Well, I let the state's Teacher's Retirement System do all the work on the pension, and that suits me fine. I lost money every time I invested in stocks and made very little with bonds. For my other investments (cattle and timber land), I personally watch them (and their respective markets) closely. There are goats also, but they are my loss leader...and aggravating to no end.


----------



## Micheal (Jan 28, 2009)

My brokerage account is "on-line" although they are only an 800 number or e-mail away. They also have local offices 60 miles west or 80+ miles east for a face-to-face if needed/wanted.

Many, many, years ago I dealt with a local broker and found that with doing my own research etc he wasn't any "smarter" nor knowledgeable than I was........ specially not for the added costs. 
Guess that's the advanage of the internet, I can get as detailed as I care to where as the broker has to know a little about everything and usually any detailed info given out is more or less "boiler-plate" from somewhere else....


----------



## Bentley (Jul 10, 2008)

One word. " Vanguard". 

Low cost funds, and the ability to buy/sell equities at any time. 

This works well for me

B


----------



## agmantoo (May 23, 2003)

No one knows my risk taking capability and my financial goals as well as I know mine.

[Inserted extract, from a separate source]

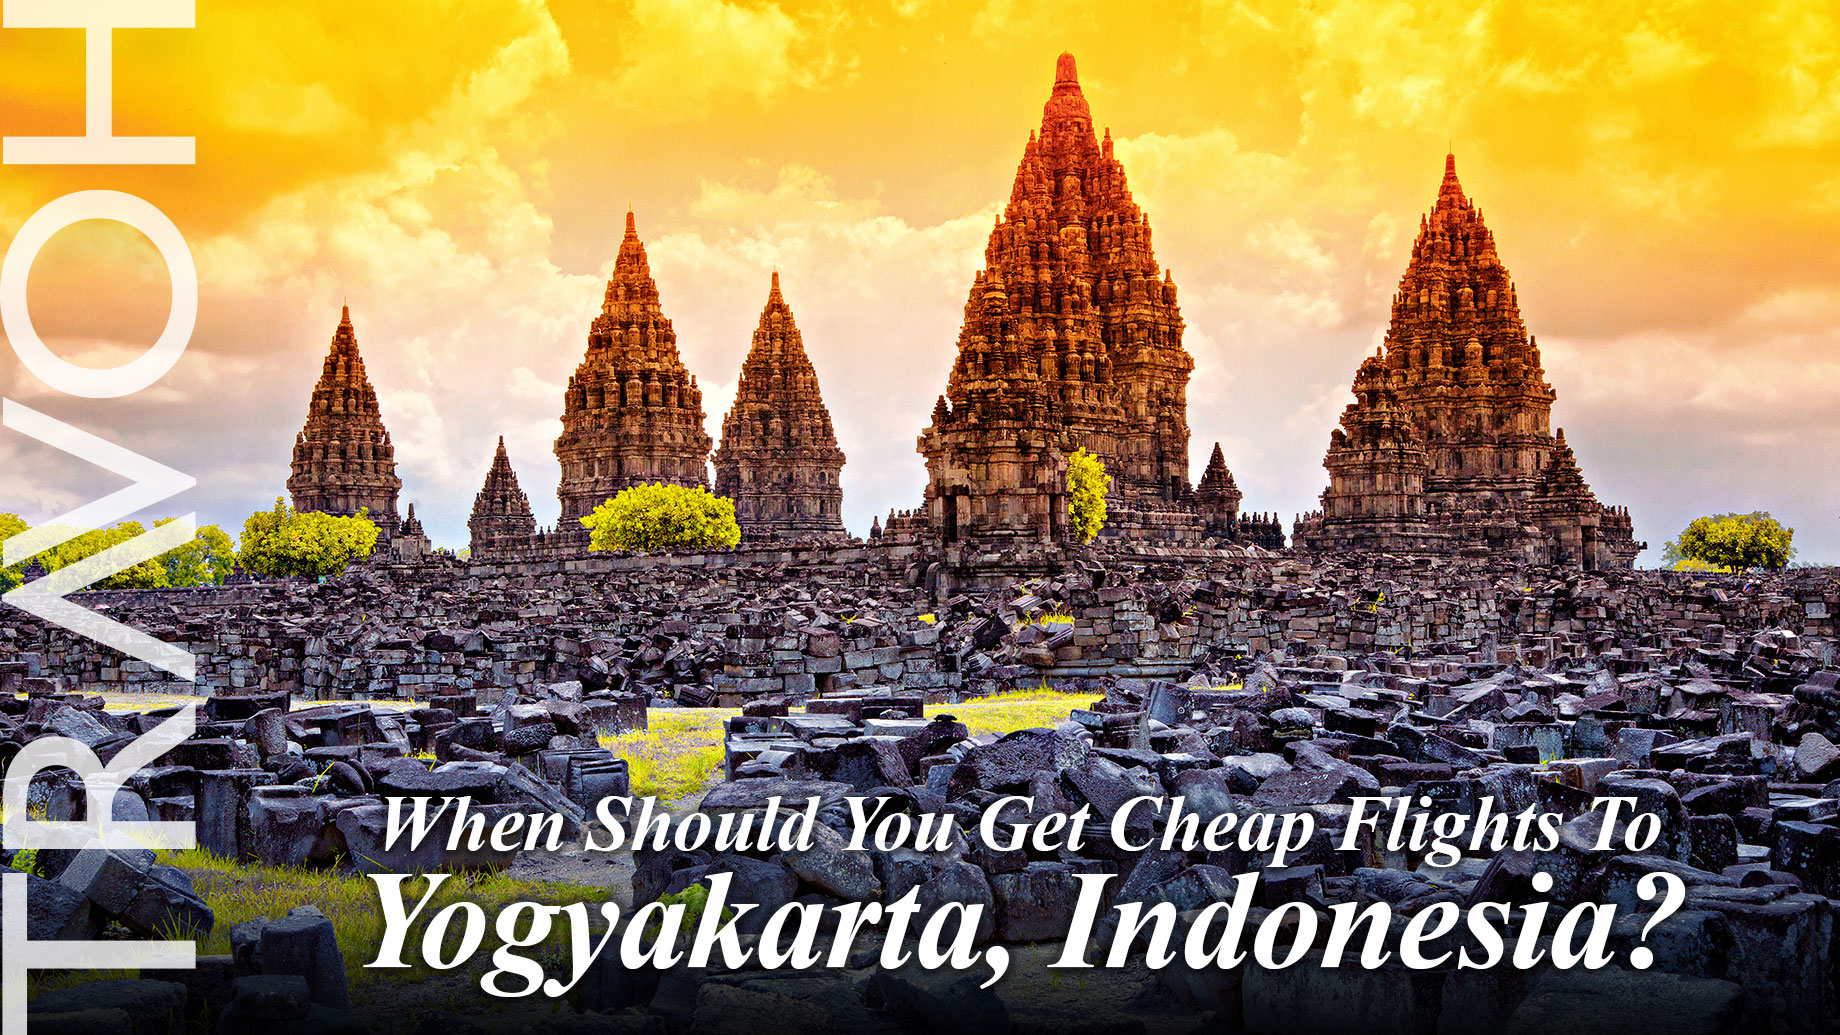 When Should You Get Cheap Flights To Yogyakarta, Indonesia?

Therefore, IMO no one is more qualified to guide what I do for myself than I am.
I have been the executor a number of times for various decedents. I have witnessed what others did for these people. Each and every time the persons handling their affairs were only looking out for themselves. Professional investors rarely explained back end loads or even front end ones. Commissions were shared, finder fees paid, money was misappropriated and money was outright stolen. With the internet there are legitimate brokerage firms that allow individuals to handle their accounts themselves. Doing research and trading stocks and mutual funds is easy and swift. Positioning trades without requiring the personal attention of a private investor is just a matter on sitting down to a computer at any hour. Access to ones account for adding or withdrawing funds is straight forward and prompt.
Before using an invester just stop to think that he is most likely working to a larger outfit. If he was as capable as he would lead you to believe he would be working for himself managing his own assets.

Most folks work 40 plus hours a week for many years. Why is it that they cannot spend some time each week managing that income?


----------



## MoonRiver (Sep 2, 2007)

My accounts are all online accounts. I subscribe to a newsletter and use their recommendations for most of my stock purchases.


----------